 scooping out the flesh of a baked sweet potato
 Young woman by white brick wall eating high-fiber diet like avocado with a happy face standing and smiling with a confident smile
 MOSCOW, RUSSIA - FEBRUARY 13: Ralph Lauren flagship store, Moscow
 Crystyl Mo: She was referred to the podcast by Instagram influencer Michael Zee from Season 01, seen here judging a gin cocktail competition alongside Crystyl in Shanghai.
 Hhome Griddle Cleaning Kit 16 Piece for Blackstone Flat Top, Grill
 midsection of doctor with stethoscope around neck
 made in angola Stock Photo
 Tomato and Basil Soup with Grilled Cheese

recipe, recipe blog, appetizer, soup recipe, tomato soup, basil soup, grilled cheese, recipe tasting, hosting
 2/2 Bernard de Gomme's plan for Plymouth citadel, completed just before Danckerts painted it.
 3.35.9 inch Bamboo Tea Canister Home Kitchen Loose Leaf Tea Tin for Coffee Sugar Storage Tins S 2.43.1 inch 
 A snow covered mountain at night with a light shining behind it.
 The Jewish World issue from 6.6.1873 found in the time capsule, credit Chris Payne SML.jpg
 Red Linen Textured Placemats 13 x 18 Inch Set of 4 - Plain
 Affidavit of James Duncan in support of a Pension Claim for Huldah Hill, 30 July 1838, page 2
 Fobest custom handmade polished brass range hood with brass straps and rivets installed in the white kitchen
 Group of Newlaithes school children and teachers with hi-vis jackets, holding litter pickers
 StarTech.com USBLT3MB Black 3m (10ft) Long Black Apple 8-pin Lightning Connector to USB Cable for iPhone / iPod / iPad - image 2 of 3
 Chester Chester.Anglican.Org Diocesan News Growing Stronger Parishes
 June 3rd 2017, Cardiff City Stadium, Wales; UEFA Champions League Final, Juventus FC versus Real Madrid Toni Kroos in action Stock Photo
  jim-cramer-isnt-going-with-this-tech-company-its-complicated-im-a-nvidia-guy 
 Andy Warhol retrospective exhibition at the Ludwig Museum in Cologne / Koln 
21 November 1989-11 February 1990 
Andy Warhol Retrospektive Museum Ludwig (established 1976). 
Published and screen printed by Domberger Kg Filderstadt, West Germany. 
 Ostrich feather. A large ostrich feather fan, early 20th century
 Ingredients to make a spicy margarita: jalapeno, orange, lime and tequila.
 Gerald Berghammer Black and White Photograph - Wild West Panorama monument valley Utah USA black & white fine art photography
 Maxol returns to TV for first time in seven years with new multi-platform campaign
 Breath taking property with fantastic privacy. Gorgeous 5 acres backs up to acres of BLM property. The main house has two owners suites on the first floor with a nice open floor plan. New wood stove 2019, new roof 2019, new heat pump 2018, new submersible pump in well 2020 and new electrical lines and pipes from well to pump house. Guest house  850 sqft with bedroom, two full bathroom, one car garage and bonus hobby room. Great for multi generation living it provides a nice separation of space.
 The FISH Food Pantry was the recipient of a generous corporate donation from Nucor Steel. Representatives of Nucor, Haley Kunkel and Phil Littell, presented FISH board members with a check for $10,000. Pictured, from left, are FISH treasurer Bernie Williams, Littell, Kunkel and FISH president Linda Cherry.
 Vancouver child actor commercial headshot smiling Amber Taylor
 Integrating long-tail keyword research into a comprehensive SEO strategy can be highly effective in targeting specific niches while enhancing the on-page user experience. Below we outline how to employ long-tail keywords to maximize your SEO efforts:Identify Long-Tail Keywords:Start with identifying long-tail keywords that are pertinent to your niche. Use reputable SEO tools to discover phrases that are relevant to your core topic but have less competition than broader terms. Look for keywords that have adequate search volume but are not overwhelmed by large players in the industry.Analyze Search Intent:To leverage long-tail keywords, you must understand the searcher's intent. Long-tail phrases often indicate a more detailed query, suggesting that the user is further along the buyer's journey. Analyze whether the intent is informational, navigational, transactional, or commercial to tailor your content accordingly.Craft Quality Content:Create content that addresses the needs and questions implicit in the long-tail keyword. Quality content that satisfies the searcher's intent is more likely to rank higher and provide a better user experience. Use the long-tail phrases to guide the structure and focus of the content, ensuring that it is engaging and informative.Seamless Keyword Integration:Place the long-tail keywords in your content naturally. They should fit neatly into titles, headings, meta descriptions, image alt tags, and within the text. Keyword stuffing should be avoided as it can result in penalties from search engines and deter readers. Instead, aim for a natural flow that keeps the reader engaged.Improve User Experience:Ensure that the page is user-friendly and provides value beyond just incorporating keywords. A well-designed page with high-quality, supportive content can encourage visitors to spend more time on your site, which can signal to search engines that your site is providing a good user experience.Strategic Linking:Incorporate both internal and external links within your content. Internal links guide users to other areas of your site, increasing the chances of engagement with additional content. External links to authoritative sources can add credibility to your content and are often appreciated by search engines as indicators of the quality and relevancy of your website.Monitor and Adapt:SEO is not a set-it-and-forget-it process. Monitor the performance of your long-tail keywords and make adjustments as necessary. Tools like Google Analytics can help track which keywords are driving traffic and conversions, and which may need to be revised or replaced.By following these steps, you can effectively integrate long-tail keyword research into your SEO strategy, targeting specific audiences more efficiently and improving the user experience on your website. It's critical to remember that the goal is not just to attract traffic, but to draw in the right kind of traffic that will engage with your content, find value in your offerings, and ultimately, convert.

## TASK DIRECTIONS
From the records above, reproduce exactly the lines from the one with "Group of Newlaithes" to the one with "Chester Chester.Anglican.Org Diocesan", both included, and no others.

## FINISHED TASK
 Group of Newlaithes school children and teachers with hi-vis jackets, holding litter pickers
 StarTech.com USBLT3MB Black 3m (10ft) Long Black Apple 8-pin Lightning Connector to USB Cable for iPhone / iPod / iPad - image 2 of 3
 Chester Chester.Anglican.Org Diocesan News Growing Stronger Parishes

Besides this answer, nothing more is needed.